# Jake.........



## woodysmama (Feb 25, 2007)

Jake was five years old when his owner had to move to Florida due to a death in the family and she could no longer keep her Golden boy. Jake was not neutered and had been used as a stud dog. His owner described Jake as a wonderful and smart dog who loved people and other dogs.
Jake was brought to the YGRR veterinarian where he was neutered and given his YGRR tattoo. He came to Riverview where he didn't have to wait long for his new home! Repeat adopters came to meet Jake and there were human and Golden smiles all around. Jake has quickly become a part of his new family who report that he is absolutely wonderful and that they love him very much.


----------



## jackie_hubert (Jun 2, 2010)

What a gorgeous boy!


----------



## vcm5 (Apr 20, 2011)

Aawh, he is so handsome! I love to hear about a happy ending for a beautiful boy like him!!


----------



## Cathy's Gunner (Dec 4, 2008)

That is a very happy story...and a good looking boy.


----------



## CAROLINA MOM (May 12, 2009)

Jake is stunning-Congratulations to the lucky family who adopted him.

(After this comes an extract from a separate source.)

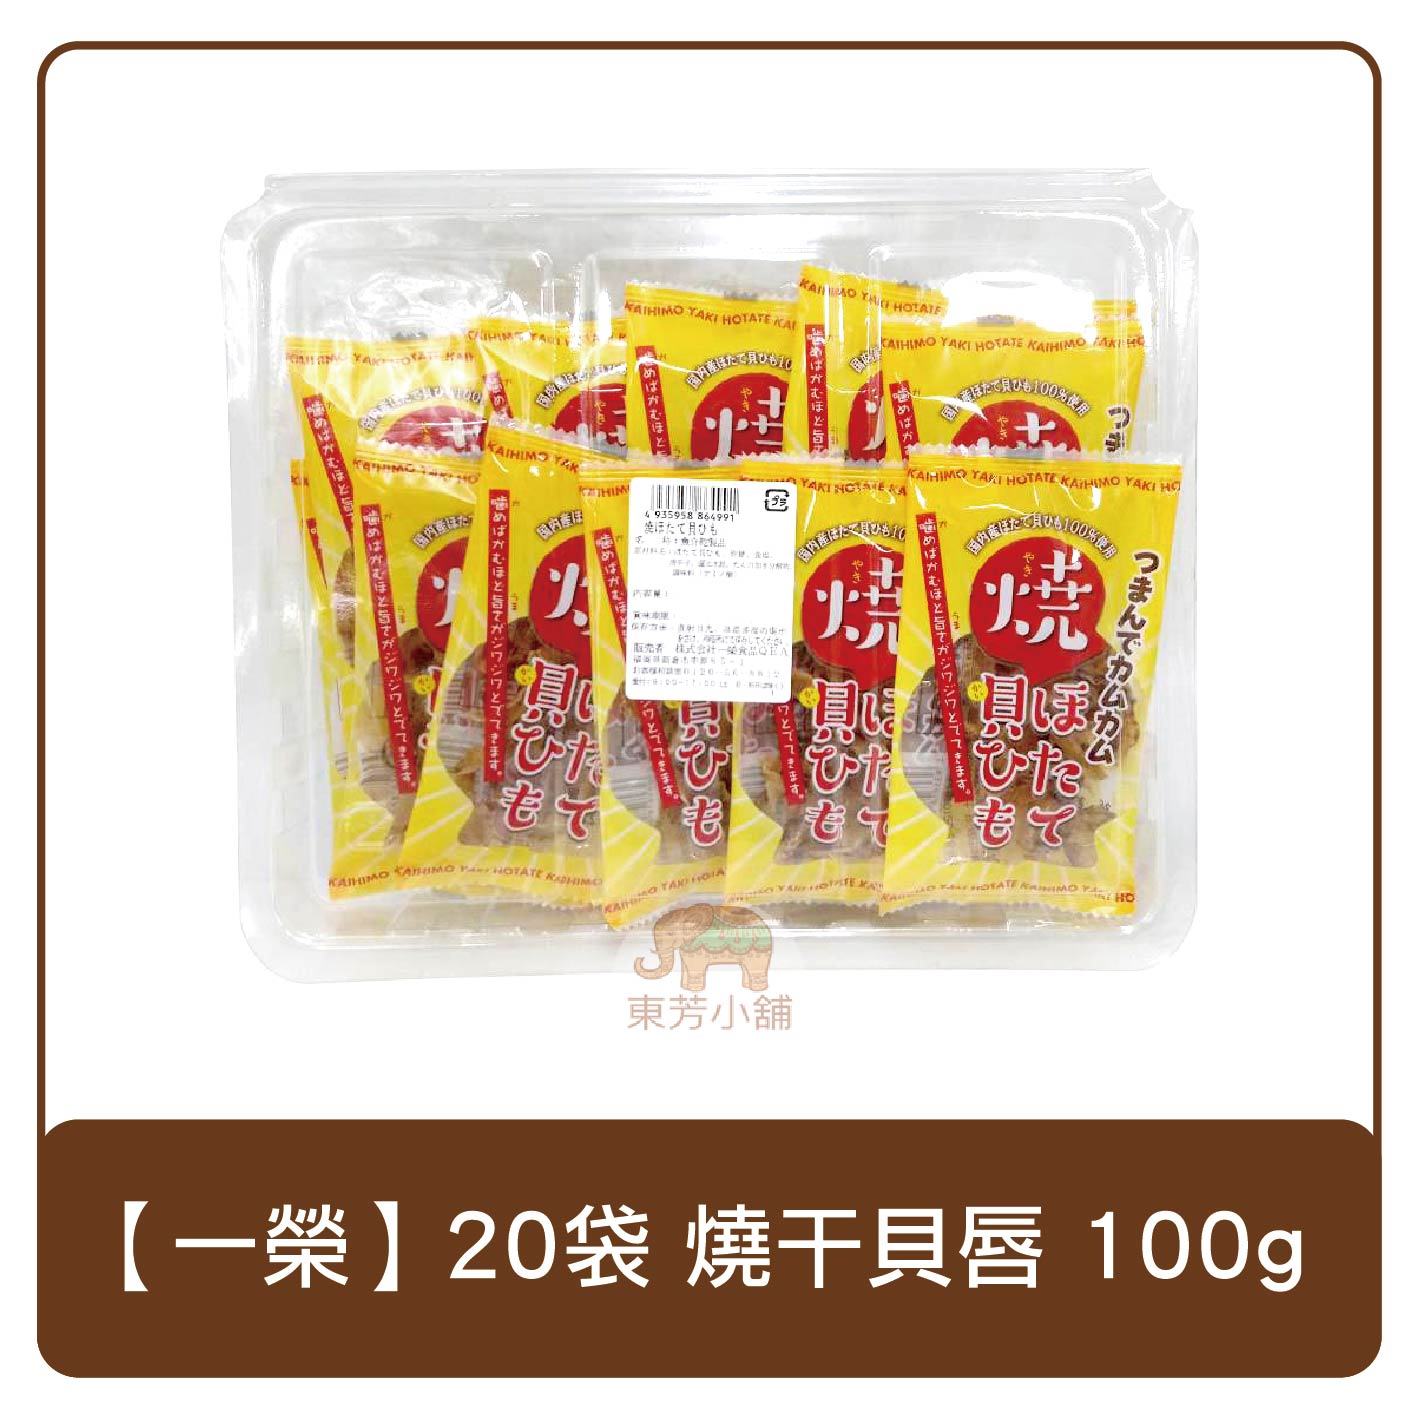 日本 一榮便當盒 20入 燒干貝唇 100g 零食

As always-Thank you YGRR for making it possible for Jake to find his new forever home.


----------



## ggdenny (Nov 2, 2008)

Jake is way too handsome. What a great story!


----------



## Hali's Mom (Oct 5, 2006)

Hooray for Jake, now we need to find a home for Leo, he is in my local shelter. Also 5, also used for stud but has been neutered by the shelter. Says no cats and no kids, this is because he is over anxious in his kennel and gets worked up when people approach. I saw him in the yard being brushed on Saturday and he was very calm. 

Petfinder Adoptable Dog | Golden Retriever | Erie, PA | Leo


----------